Two decades after the introduction of connected cars, they still aren’t connected to much of anything. The key to unlocking the promise of connected cars is to deliver the multitude of services that users want and expect, with the driver’s full knowledge and consent, in the moment that the driver wants them. Todd Thomas, Chief Revenue Officer of AiDEN Automotive, comments.
While your car has orders of magnitude more computing power than your phone, it offers you very few services – navigation, ability to play music off your phone, maybe remote unlock, and maybe some maintenance service options.
Cars are connected to the cloud solution provided by the manufacturer. If you are a service provider and you want to connect with a car, your first option is to integrate with the Auto Manufacturer’s cloud solution, but this is an expensive and time consuming commitment. After a successful integration you have access to one-way anonymous data packages that were predefined by the manufacturer a year or two before the car came to market; expensive, limited data, and limited value.
The next issue is scalability. The car market is highly fragmented, the industry leaders have less than 10% market share. If you are an auto manufacturer and you want to connect service providers to your cars, or if you are a service provider and you want to connect to cars, you need to commit the time and expense to multiple long and expensive integrations. To many, this just isn’t scalable. The insurance market, for example, is also a highly fragmented market – if you are an auto manufacturer and want to offer your drivers with their choice of insurance you will need to integrate with 20+ insurers, and vice versa.
The next option is to turn to external hardware. OBDs have been a popular option (although this is decades old technology) which do give you access to vehicle data, but again are expensive and provide access to limited predefined data sets with long latency.
The most popular option today, particularly for insurance carriers, is to forget communicating with the car altogether and communicate via a phone app, but these can not simply run indefinitely in the background. How often do you get in your car and turn on your insurance app before you start driving? What if you forget your phone? Or your battery dies? Or you’re in a different car? If you do have the app running you are still only connected to the phone. You do not have access to the vehicle sensors, you are limited to the sensors in a phone.
GM’s billion dollar business, OnStar, is the only successful existing connected service. OnStar gives GM vehicle owners access to 24×7 call support, collision notification, and vehicle service support.
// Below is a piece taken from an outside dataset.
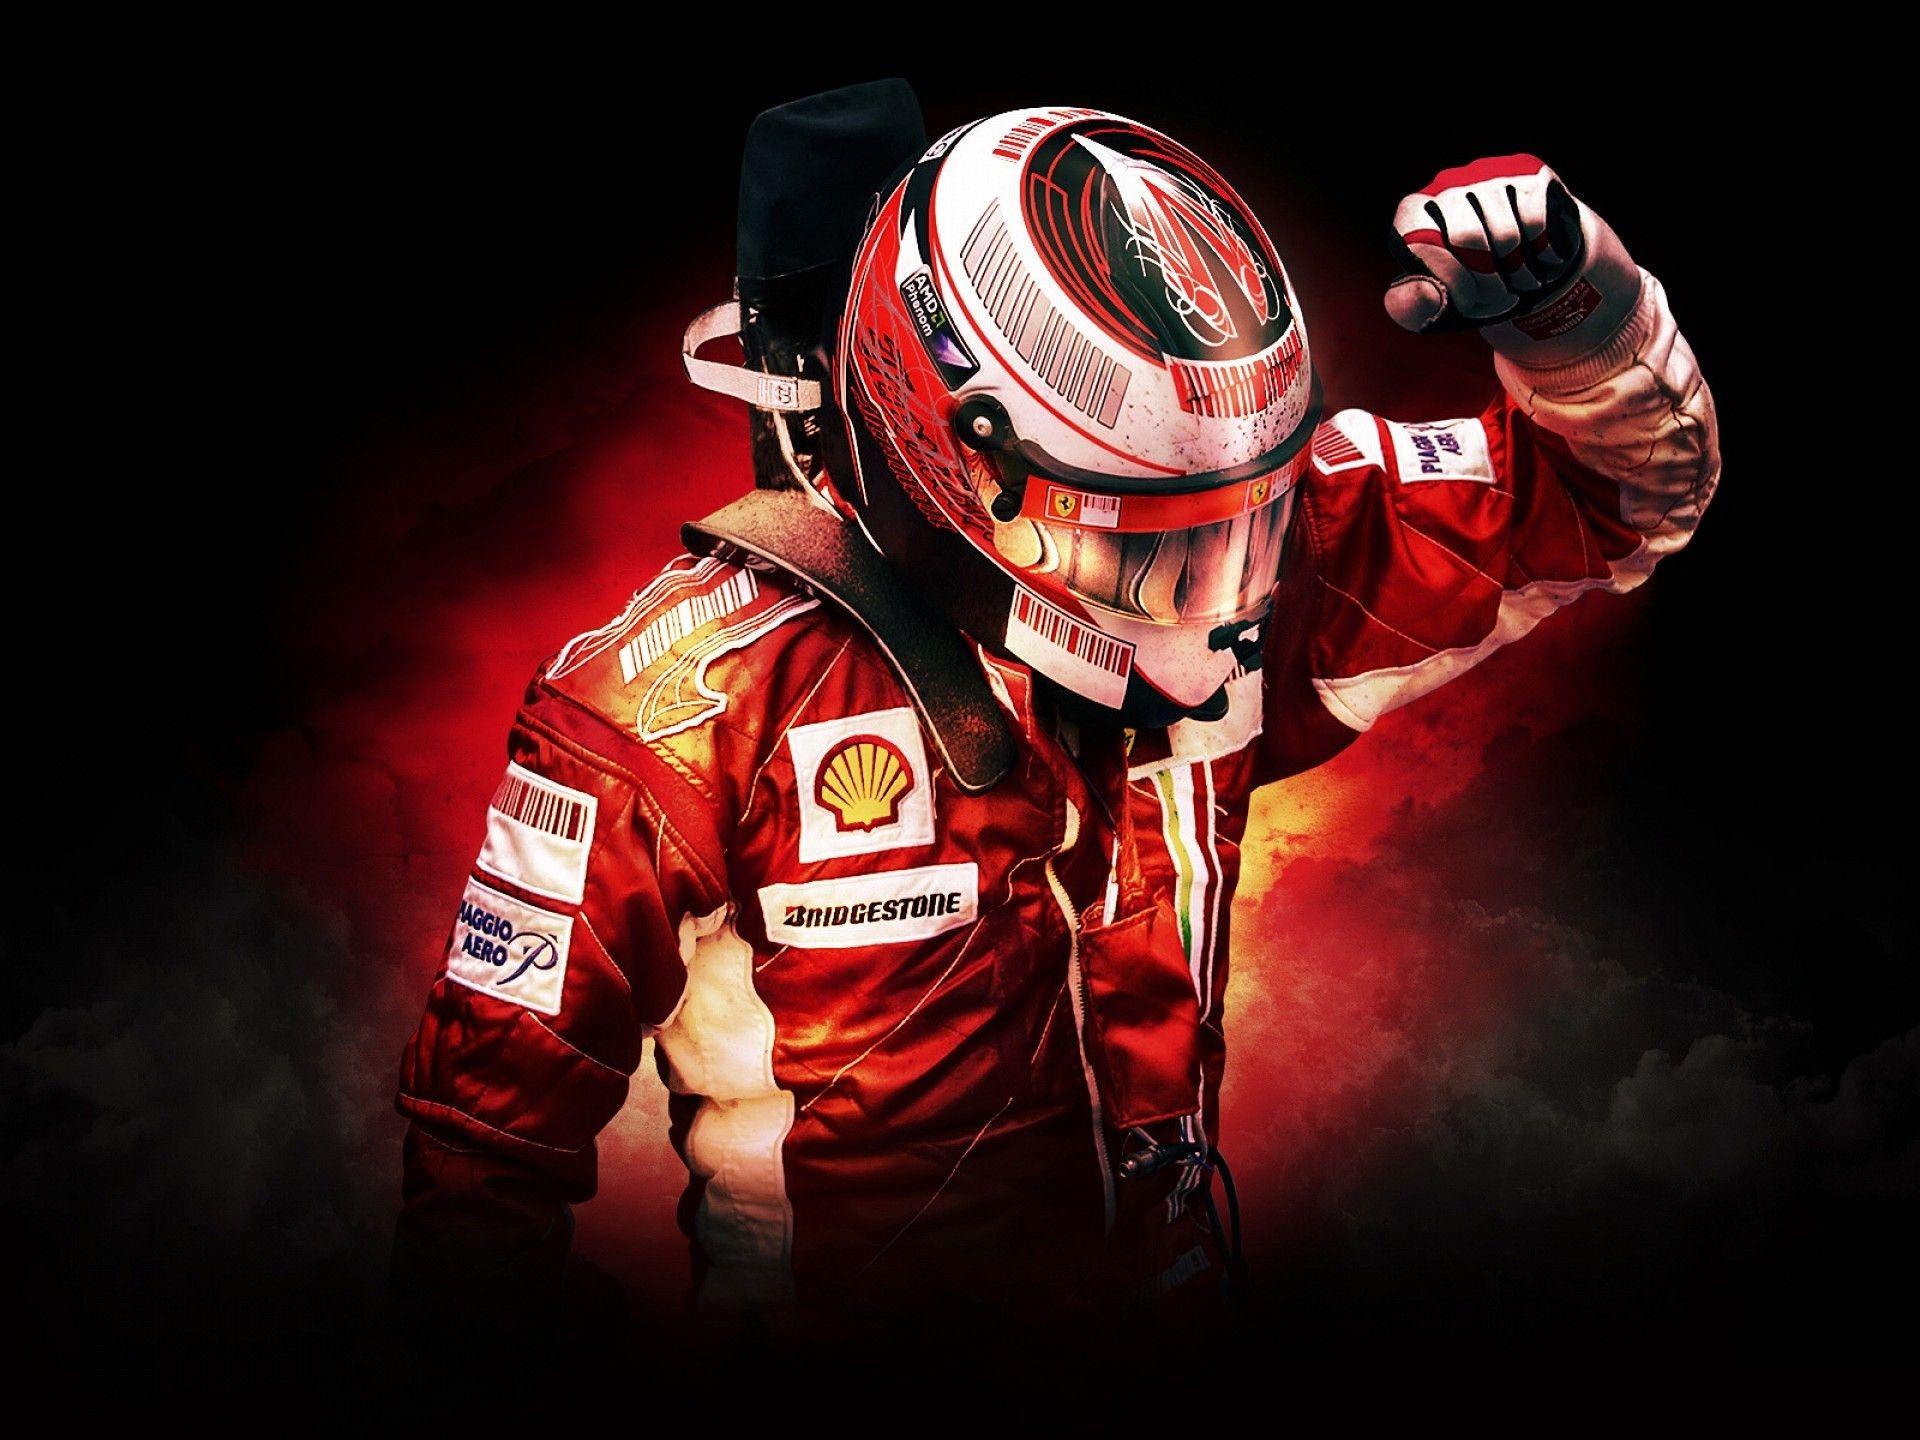 F1 Ferrari Formula One driver picture for desktop and wallpaper
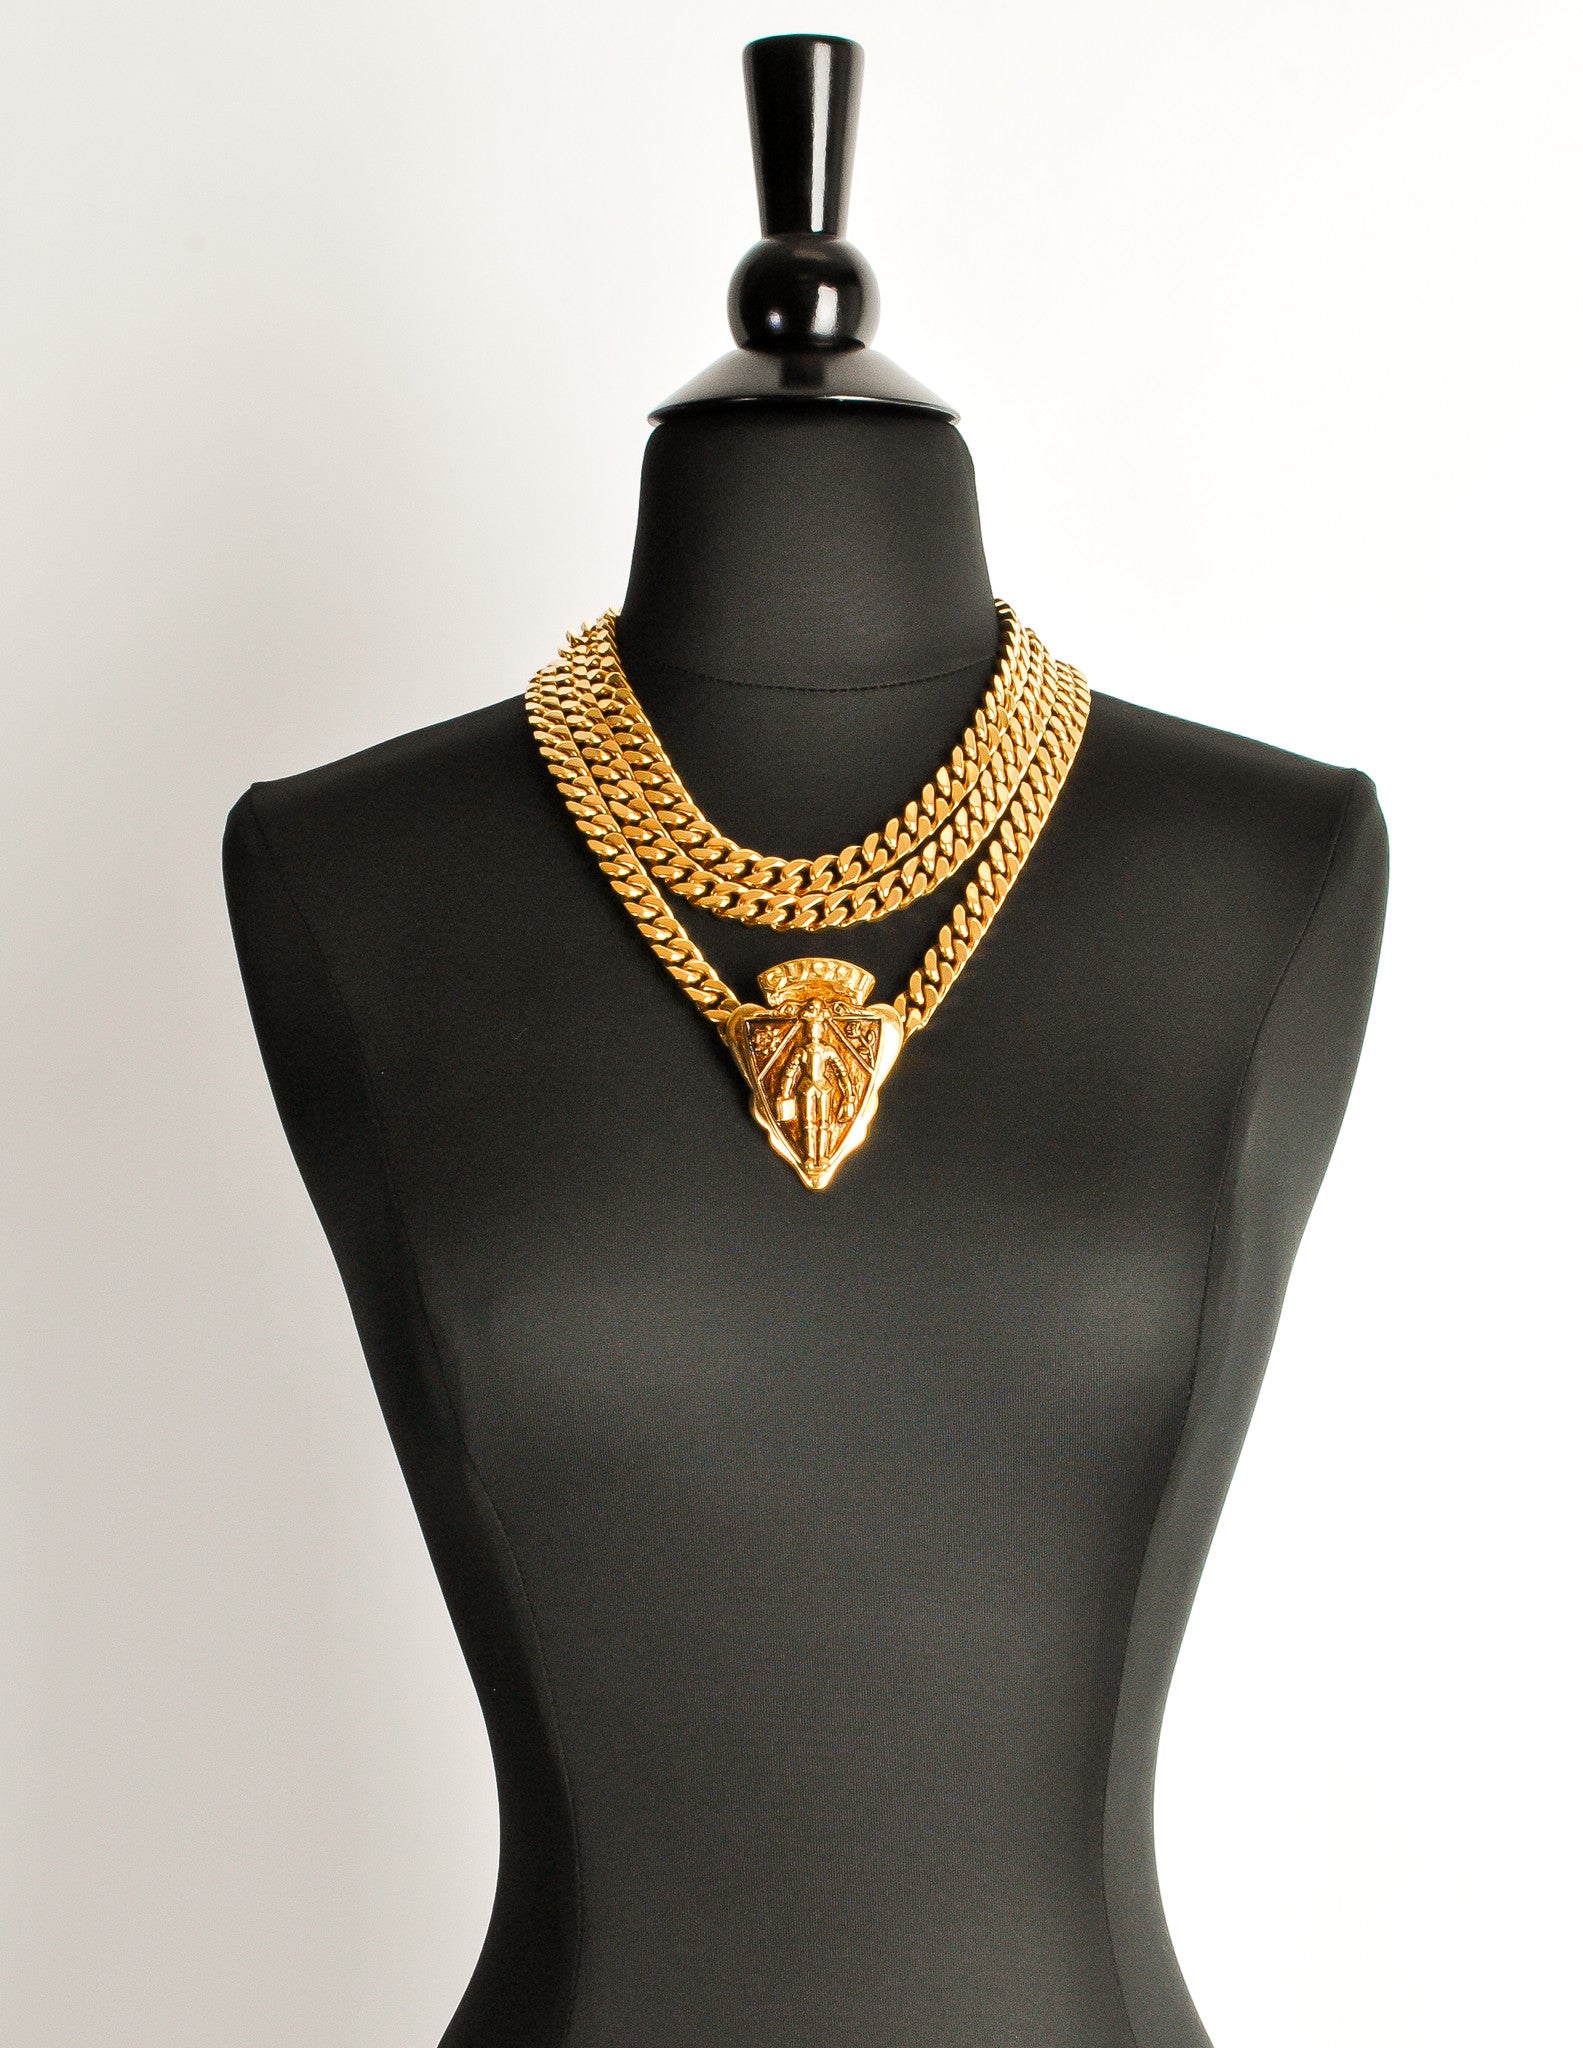 Gucci Vintage Gold Crest Chain Necklace Belt - from Amarcord Vintage Fashion

It is now attempting to leverage this success and has re-entered the insurance market. GM has access to GM vehicle data that can provide FNOL, streamlined claims, improved underwriting and risk assessment, and potentially improved driver behaviour further reducing risks.
However, a couple of challenges remain. GM only has access to GM vehicle data. What if a household or fleet needs to insure multiple vehicles across multiple brands? If GM wants to insure the other vehicles in the household or fleet, they too will have to defer to the external hardware hacks.
GM also still has a privacy and data collection consent issue. OnStar does not include a consent management service and is not GDPR or CCPA compliant. Let’s give OnStar the benefit of doubt and say they do have consent from the primary owner and driver of the vehicle to collect data, but what if the primary owner is not driving? Or what if there is a passenger in the car? Then they do not have consent and are not in compliance. This is an ongoing challenge for every auto manufacturer.
AAOS: A Game Changer
In the last couple of years every major auto manufacturer has launched their initial AAOS cars or have announced that they are moving to AAOS – in fact over the next couple of years AAOS (Android Automotive OS) cars will become ubiquitous. The exception is Tesla, which is using it own OS, but also uses a closed network excluding 3rd parties.
The move to AAOS is a tectonic shift in the auto world. AAOS solves the problem of heterogeneous data sets across manufacturers, and provides normalised and standardised data across brands. A fuel level reading, for example, means the same in every AAOS car regardless of whether it is a GM or a Toyota or a BWM. This solves a major hurdle and opens the door for 3rd parties to develop services that can communicate with cars across brands.
Introducing AiDen Hub
The first mover in connected services is Aiden Automotive Technologies. Aiden was founded by the Volvo software team that developed and deployed the first AAOS vehicles in collaboration with Android Auto in 2020. This team realised that the existing auto manufacturer cloud solutions were too limited to effectively support the services drivers expect. This was true not only of the Volvo cloud solution but of all of the auto cloud solutions.
Aiden Auto spun out as a stand alone automotive tech startup and built the Aiden Hub to enable the real-time services that could finally deliver on the promise of connected cars. The Aiden Hub streams real-time services across vehicle brands, providing a simple and intuitive experience for vehicle owners, fleet owners, and drivers. With 100% GDPR and CCPA compliance, AiDEN’s consent management feature enables improved and personalized features and experiences, all while maintaining the highest level of privacy protection.
Aiden provides a key for auto manufacturers to monetise access to their vehicles, unlocks access for 3rd parties to provide digital services to cars, and gives owners and drivers the key to choose which digital services they want, who they want to share their data with, and who they don’t.